Given data below:

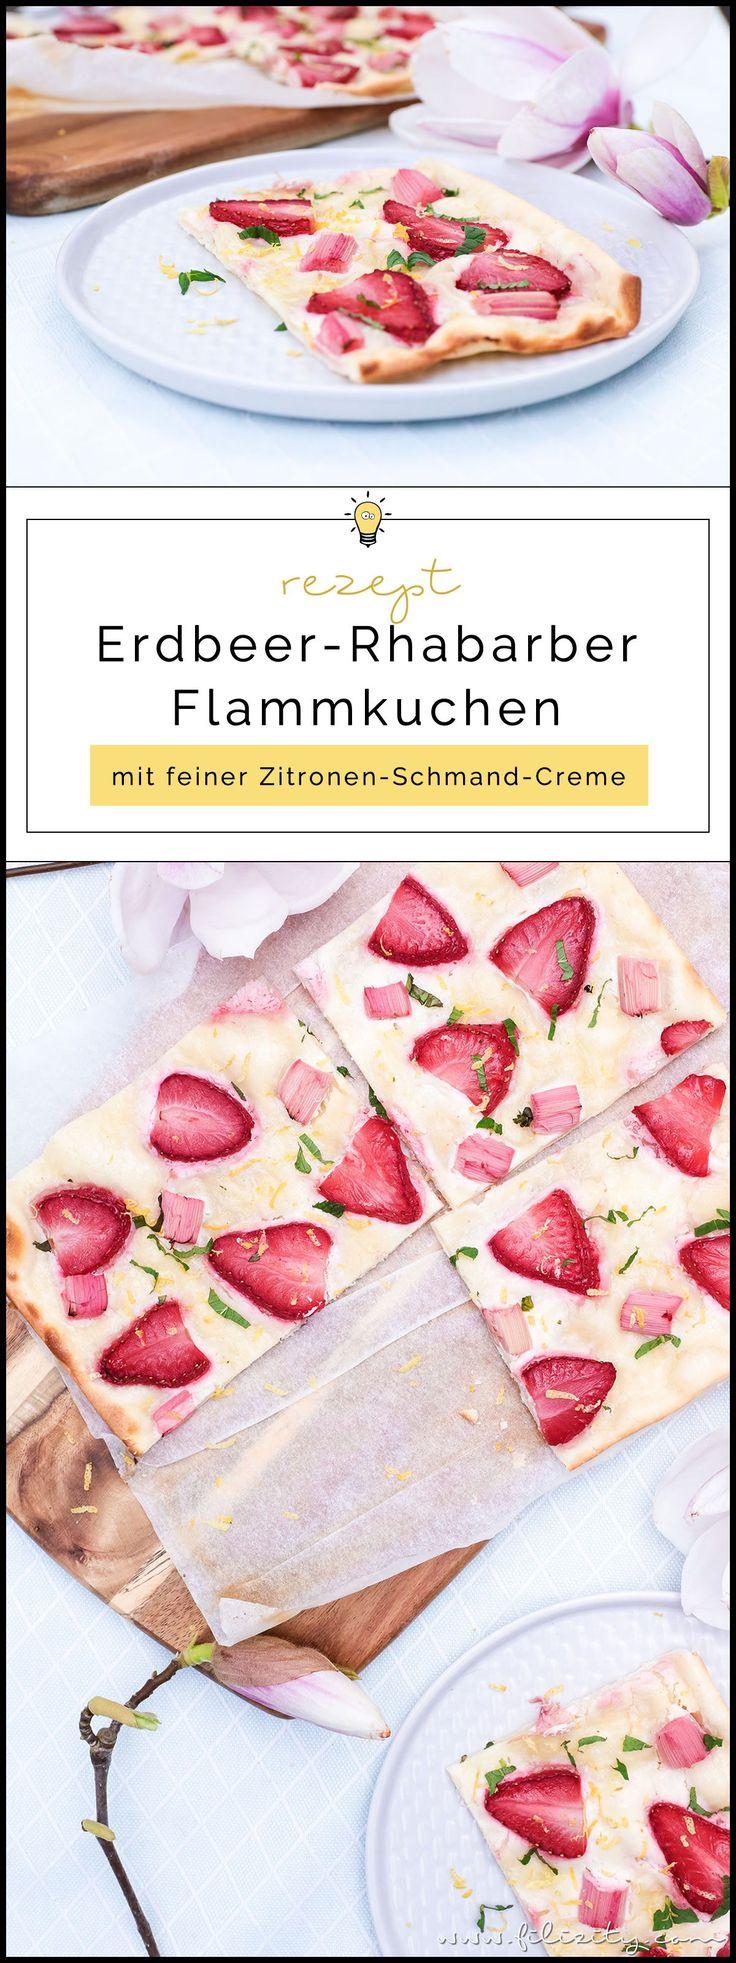 Erdbeer-Rhabarber-Flammkuchen   Süße Variante des klassischen Elsässer Flammkuchens   Leckeres Rezept für Frühling & Sommer   Filizity.com   Food-Blog aus dem Rheinland #flammkuchen
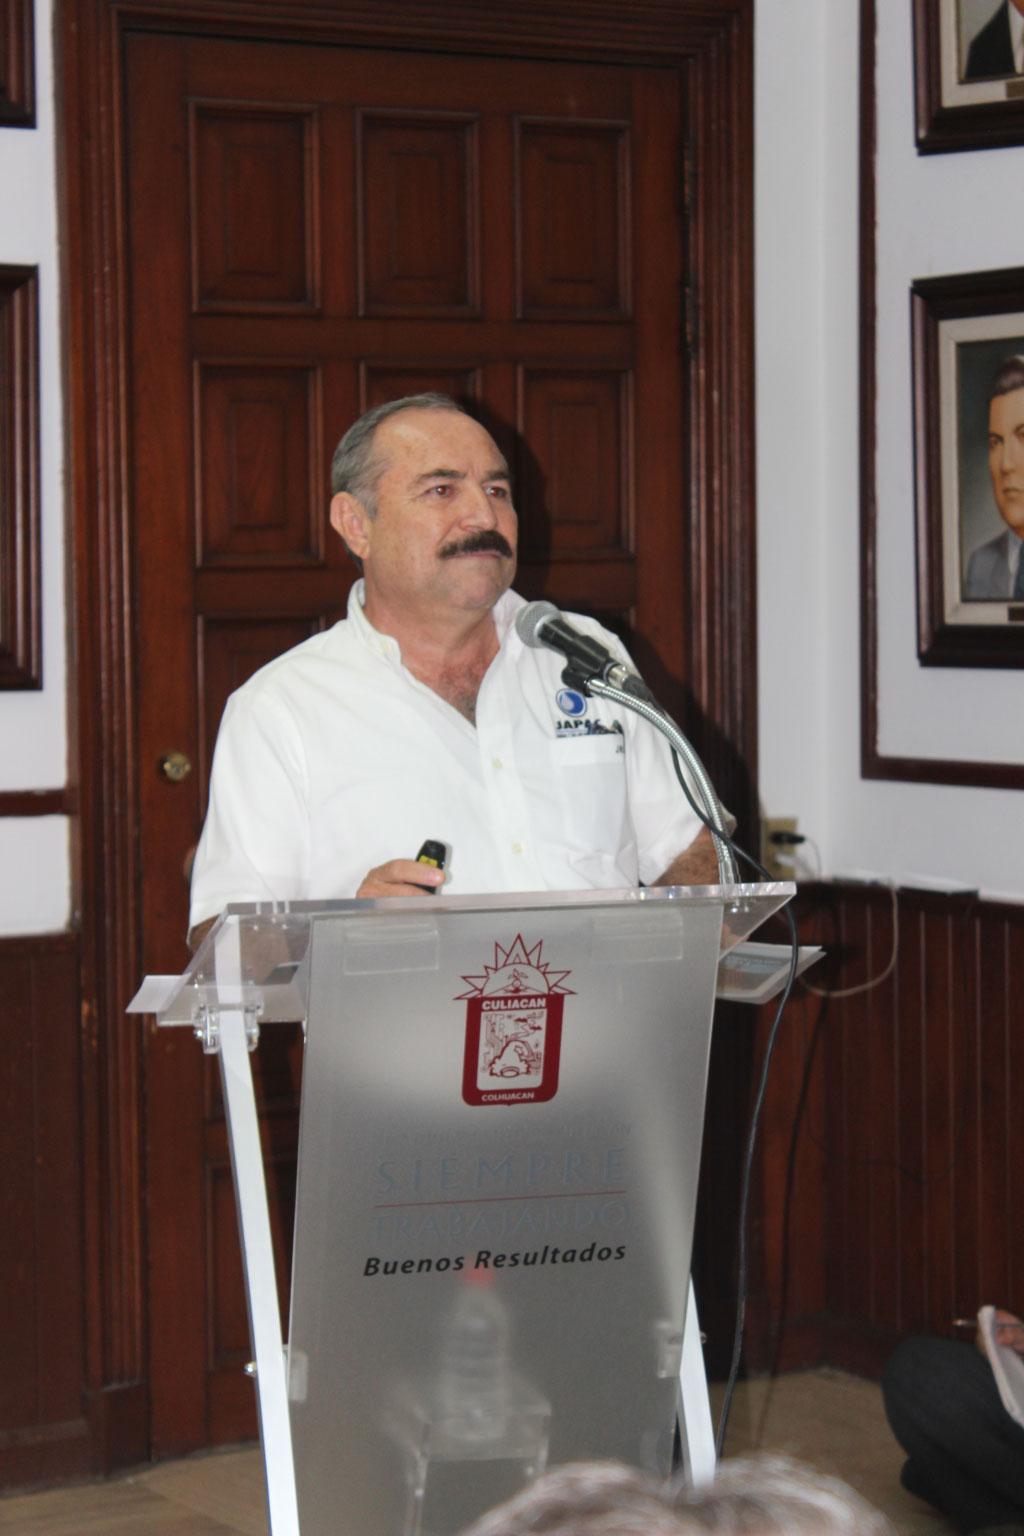 Noticias-2016-Comparece-el-Gerente-de-JAPAC-ante-el-Cabildo-de-Culiacan-02
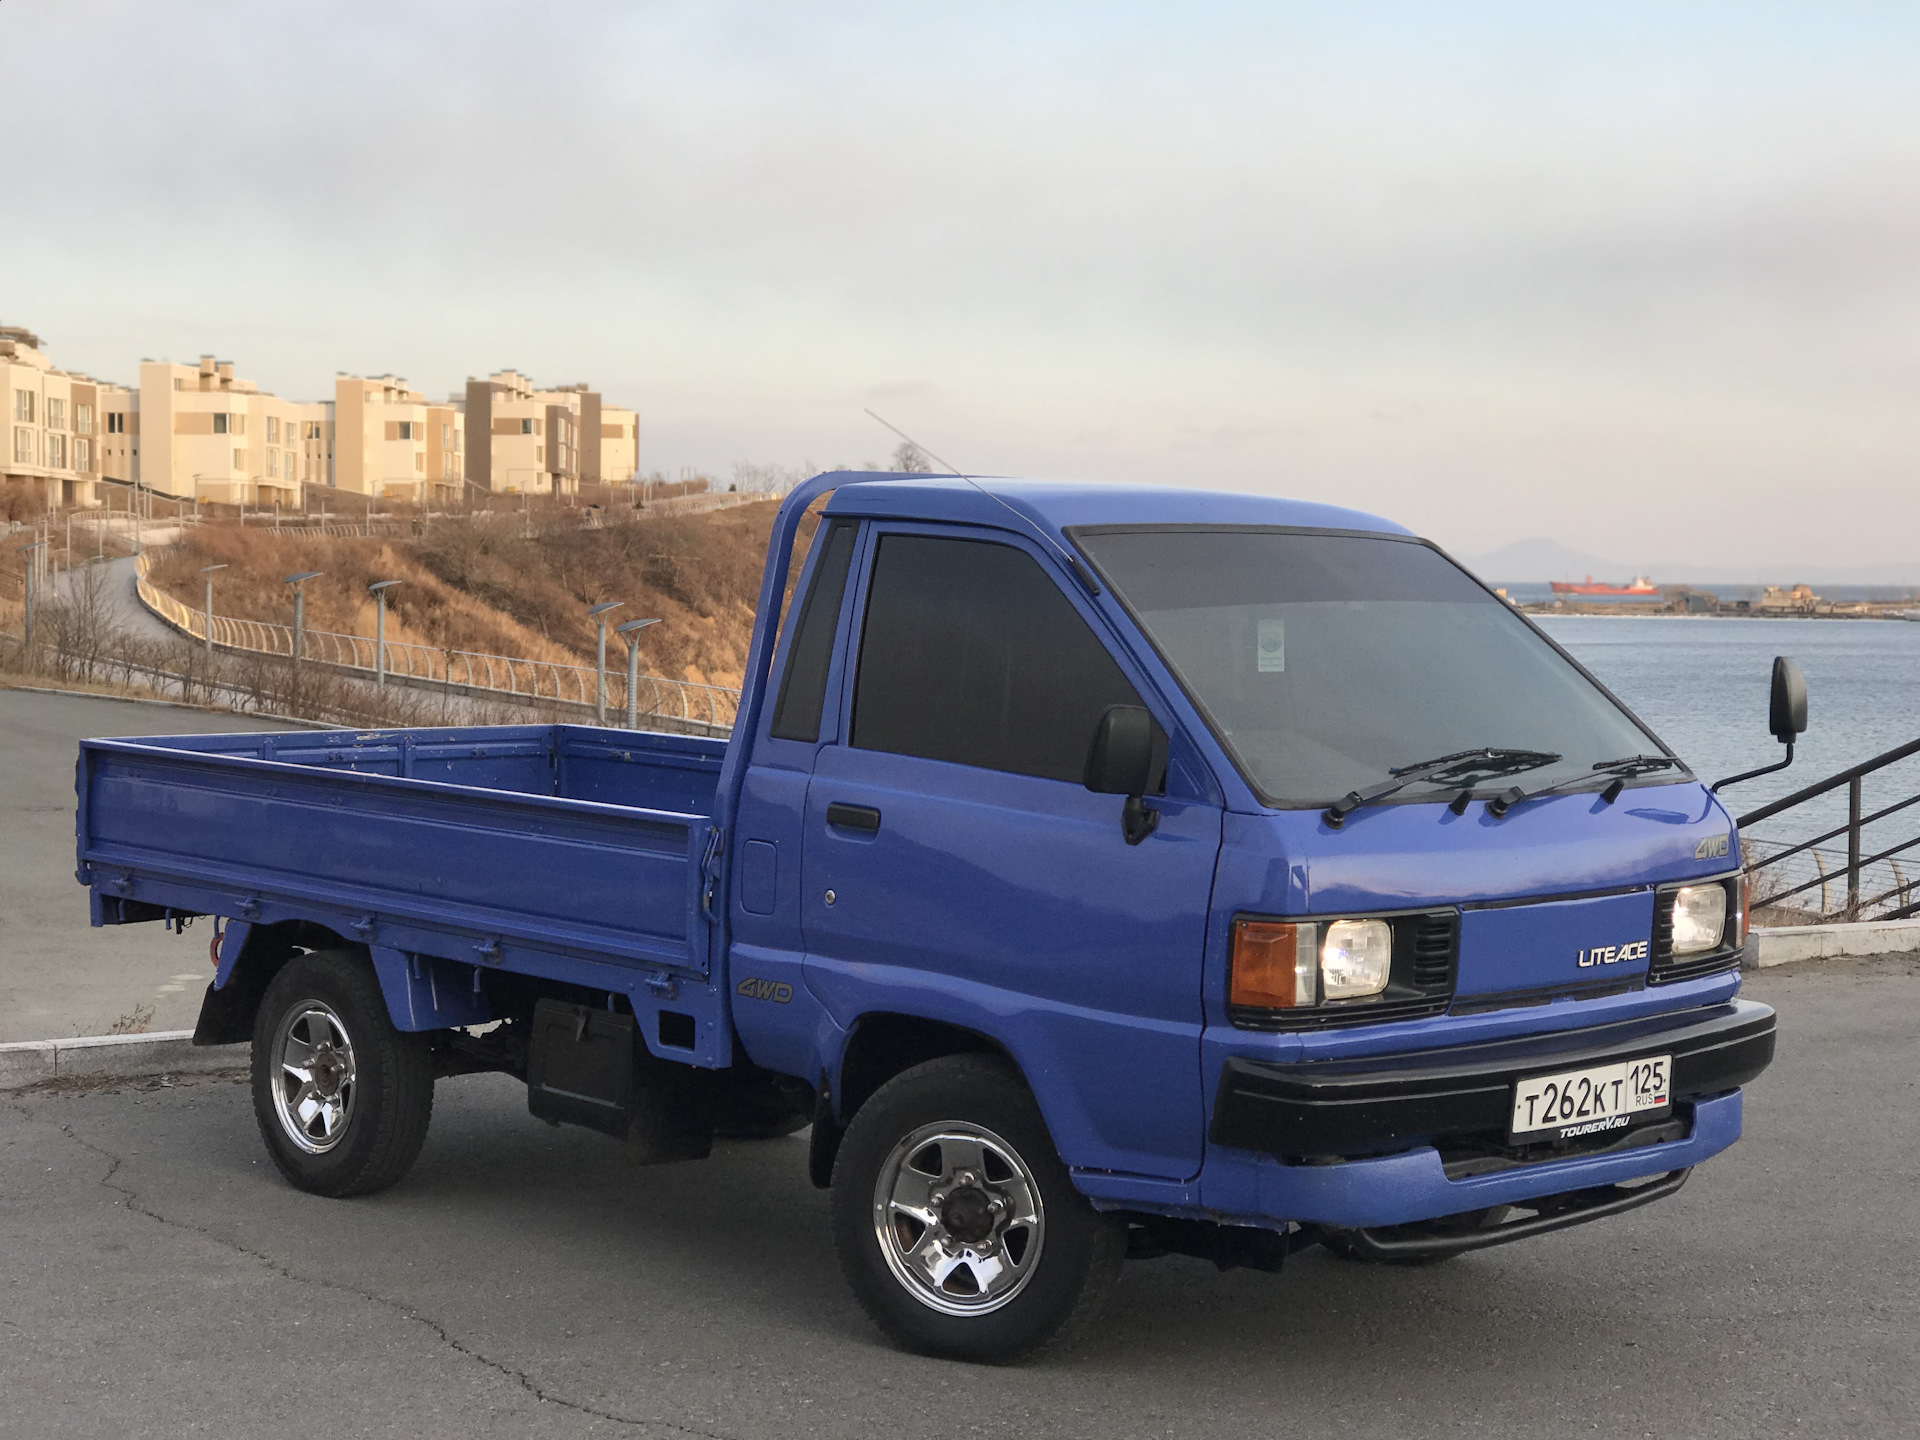 несколько фотографий фото грузовик литайс синий чем занимались

End of Given data.

Task statement:
Repeat the data word for word; drop the pictures.

Exercise response:
 Erdbeer-Rhabarber-Flammkuchen   Süße Variante des klassischen Elsässer Flammkuchens   Leckeres Rezept für Frühling & Sommer   Filizity.com   Food-Blog aus dem Rheinland #flammkuchen
 Noticias-2016-Comparece-el-Gerente-de-JAPAC-ante-el-Cabildo-de-Culiacan-02
 несколько фотографий фото грузовик литайс синий чем занимались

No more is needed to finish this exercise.